Anirban Maitra, M.B.B.S.
Professor, Department of Neurosurgery
Deputy Division Head for Academic Science, Division of Pathology and Laboratory Medicine
Scientific Director, Shiekh Ahmed Bin Zayed Al Nahay Center for Pancreatic Cancer Research
Co-Leader, MD Anderson Pancreatic Cancer Moon Shot ®
Division of Pathology and Laboratory Medicine
Maitra Laboratory Webpage
Dr. Maitra is a Professor of Pathology and Translational Molecular Pathology, and Scientific Director of the Sheikh Ahmed Pancreatic Cancer Research Center at MD Anderson Cancer Center, Houston (since August 2013). Dr. Maitra is the Principal Investigator of an NCI-funded laboratory dedicated to pancreatic cancer research. Dr. Maitra has trained over three dozen postdoctoral fellows and graduate students, many of whom are now in independent faculty positions in the United States or worldwide.
The arc of his research career has been defined by contributions made in the spheres of genetics and molecular pathology of pancreatic cancer and its precursor lesions, in both human and cognate mouse models of pancreatic neoplasia. Dr. Maitra is deeply committed towards identifying and implementing translational research opportunities in pancreatic cancer that can improve the survival of patients stricken with this disease, with a particular focus on early detection and cancer interception.
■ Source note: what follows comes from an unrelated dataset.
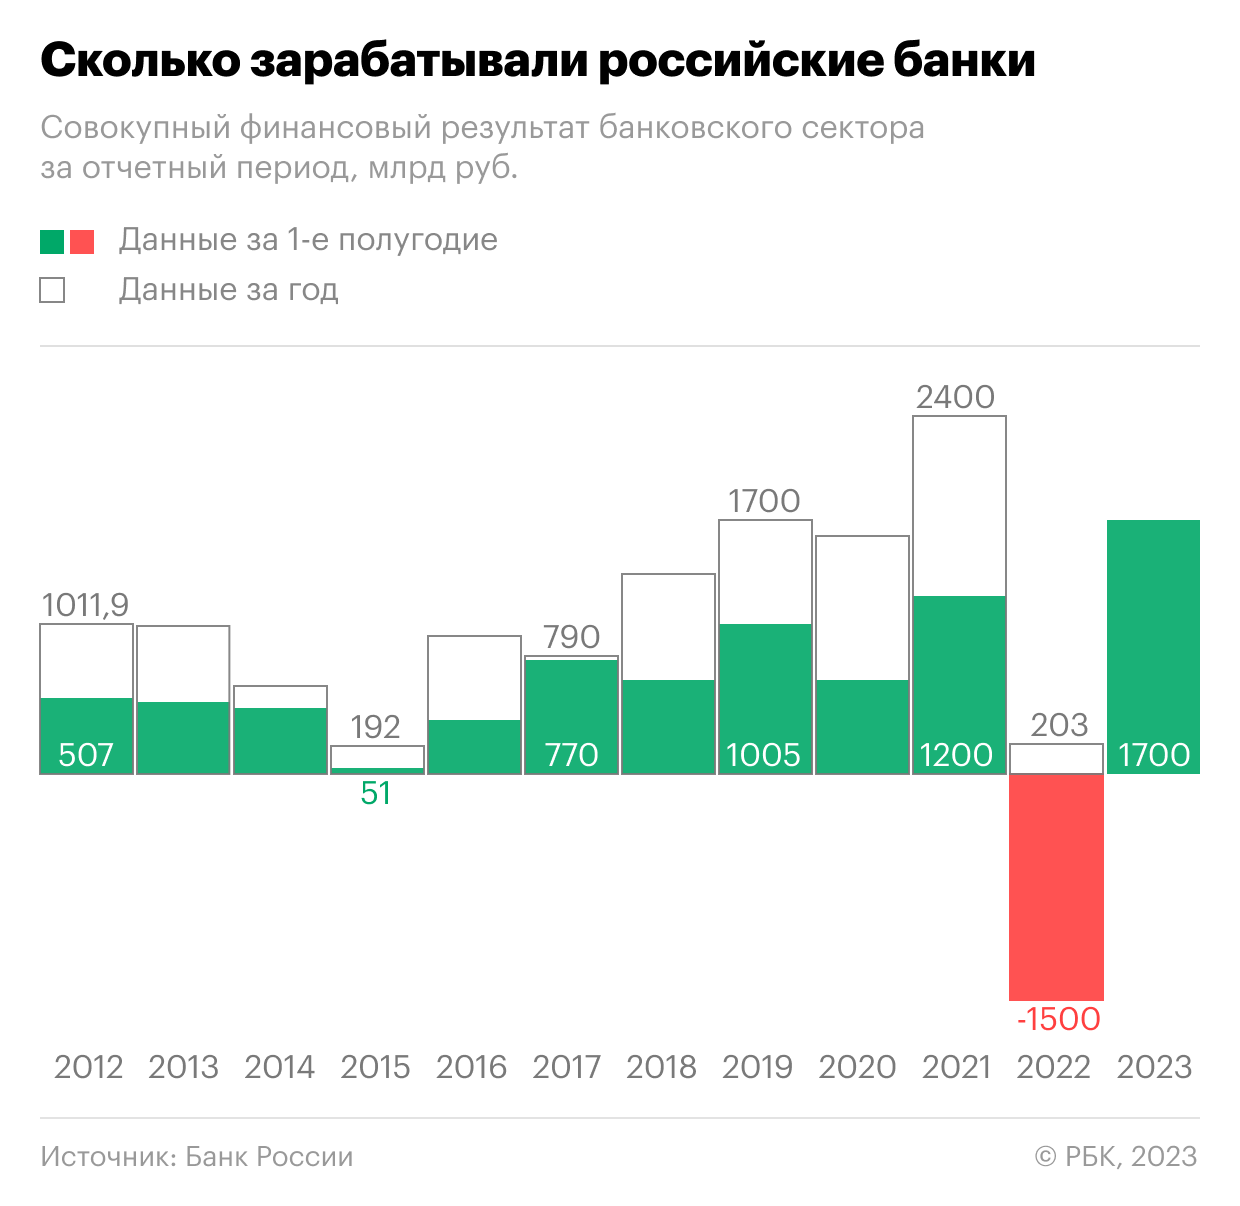 Как чистая прибыль банков в России резко упала, а потом побила рекорд

Dr. Maitra has been a leader on numerous programmatic efforts in pancreatic cancer, funded through both the NCI and foundations such as Stand-Up-To-Cancer/AACR.
He is the Principal Investigator of a NIH-funded laboratory dedicated to pancreatic cancer research, and also the Leader of the Stand Up 2 Cancer - Lustgarten Pancreatic Interception Dream Team. Thus, he has extensive familiarity of working with, and leading, large diverse teams of investigators engaged in a focused area of research. He is the Program Co-Leader of the NCI designated Cancer Center Support Grant (CCGD) where he oversees the integration and direction of Institutional pancreatic cancer basic research and clinical translational efforts. He is also the Co-Leader of the Pancreatic Cancer Moonshot project, a multi-disciplinary effort to improve the survival of this disease beyond incremental advances. The arc of his career has been defined by contributions made in the spheres of genetics and molecular pathology of pancreatic cancer and its precursor lesions, mouse models of pancreatic neoplasia, and experimental therapeutics in pancreatic cancer. He has trained close to 40 postdoctoral fellows and graduate students, many of whom are now in independent faculty positions.